## HOW TO COMPLETE THIS TASK
Copy out each line of the entries below in which the string "Wallpapers" appears.

## AVAILABLE DATA
%%

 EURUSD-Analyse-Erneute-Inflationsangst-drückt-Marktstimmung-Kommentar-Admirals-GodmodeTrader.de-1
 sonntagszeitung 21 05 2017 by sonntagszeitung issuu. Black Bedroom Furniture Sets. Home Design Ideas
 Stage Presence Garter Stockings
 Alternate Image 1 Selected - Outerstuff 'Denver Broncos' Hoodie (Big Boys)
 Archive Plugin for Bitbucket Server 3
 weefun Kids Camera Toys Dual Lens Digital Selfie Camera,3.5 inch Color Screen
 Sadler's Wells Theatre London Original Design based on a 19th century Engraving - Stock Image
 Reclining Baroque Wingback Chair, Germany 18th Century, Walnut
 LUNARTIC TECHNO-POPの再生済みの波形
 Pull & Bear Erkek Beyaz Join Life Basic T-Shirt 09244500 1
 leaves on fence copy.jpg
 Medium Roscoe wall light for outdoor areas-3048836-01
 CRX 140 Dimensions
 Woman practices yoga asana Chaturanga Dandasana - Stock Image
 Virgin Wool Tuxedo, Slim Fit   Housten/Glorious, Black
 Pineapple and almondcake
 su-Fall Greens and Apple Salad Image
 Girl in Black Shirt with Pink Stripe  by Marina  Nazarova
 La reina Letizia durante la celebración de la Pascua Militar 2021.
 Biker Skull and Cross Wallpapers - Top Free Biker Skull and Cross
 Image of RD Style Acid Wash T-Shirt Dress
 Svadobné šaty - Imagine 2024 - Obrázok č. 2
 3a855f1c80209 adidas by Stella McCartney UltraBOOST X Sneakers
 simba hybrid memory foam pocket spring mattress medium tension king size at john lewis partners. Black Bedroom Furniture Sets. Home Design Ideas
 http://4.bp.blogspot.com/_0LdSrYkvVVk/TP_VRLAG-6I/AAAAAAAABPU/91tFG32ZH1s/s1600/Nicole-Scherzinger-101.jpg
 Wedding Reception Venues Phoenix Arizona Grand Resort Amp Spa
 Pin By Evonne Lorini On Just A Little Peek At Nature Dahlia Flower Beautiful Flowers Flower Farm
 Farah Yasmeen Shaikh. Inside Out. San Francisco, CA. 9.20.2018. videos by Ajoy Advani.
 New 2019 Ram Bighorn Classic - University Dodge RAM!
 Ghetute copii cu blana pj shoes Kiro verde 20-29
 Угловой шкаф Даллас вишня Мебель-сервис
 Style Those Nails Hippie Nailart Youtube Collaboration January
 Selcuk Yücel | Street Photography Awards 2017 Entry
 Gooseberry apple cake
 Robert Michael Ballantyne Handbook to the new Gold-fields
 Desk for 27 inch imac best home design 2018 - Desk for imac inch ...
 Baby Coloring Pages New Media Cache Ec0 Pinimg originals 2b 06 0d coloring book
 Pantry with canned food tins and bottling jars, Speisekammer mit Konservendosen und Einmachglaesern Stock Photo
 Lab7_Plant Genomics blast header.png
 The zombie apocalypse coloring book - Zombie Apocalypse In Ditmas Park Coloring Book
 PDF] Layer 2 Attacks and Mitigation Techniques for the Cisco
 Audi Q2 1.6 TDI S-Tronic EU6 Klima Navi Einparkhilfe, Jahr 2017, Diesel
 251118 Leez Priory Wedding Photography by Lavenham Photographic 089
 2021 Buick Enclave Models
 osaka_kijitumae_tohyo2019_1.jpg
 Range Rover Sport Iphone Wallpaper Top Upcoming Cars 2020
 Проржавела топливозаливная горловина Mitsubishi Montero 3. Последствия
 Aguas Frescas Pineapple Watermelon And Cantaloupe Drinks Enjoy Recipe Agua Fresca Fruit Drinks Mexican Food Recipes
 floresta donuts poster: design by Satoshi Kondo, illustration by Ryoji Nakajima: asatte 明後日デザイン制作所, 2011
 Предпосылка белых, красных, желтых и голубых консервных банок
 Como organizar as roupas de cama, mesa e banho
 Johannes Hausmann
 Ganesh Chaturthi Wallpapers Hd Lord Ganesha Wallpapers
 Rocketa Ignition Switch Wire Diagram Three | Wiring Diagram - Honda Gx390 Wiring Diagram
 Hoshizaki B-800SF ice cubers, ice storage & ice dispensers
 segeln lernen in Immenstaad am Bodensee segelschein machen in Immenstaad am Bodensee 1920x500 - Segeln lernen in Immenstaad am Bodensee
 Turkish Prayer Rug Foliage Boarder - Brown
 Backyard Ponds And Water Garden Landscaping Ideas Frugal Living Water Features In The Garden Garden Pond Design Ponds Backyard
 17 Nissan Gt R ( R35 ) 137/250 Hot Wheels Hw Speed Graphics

%%

## EXERCISE OUTPUT
 Biker Skull and Cross Wallpapers - Top Free Biker Skull and Cross
 Ganesh Chaturthi Wallpapers Hd Lord Ganesha Wallpapers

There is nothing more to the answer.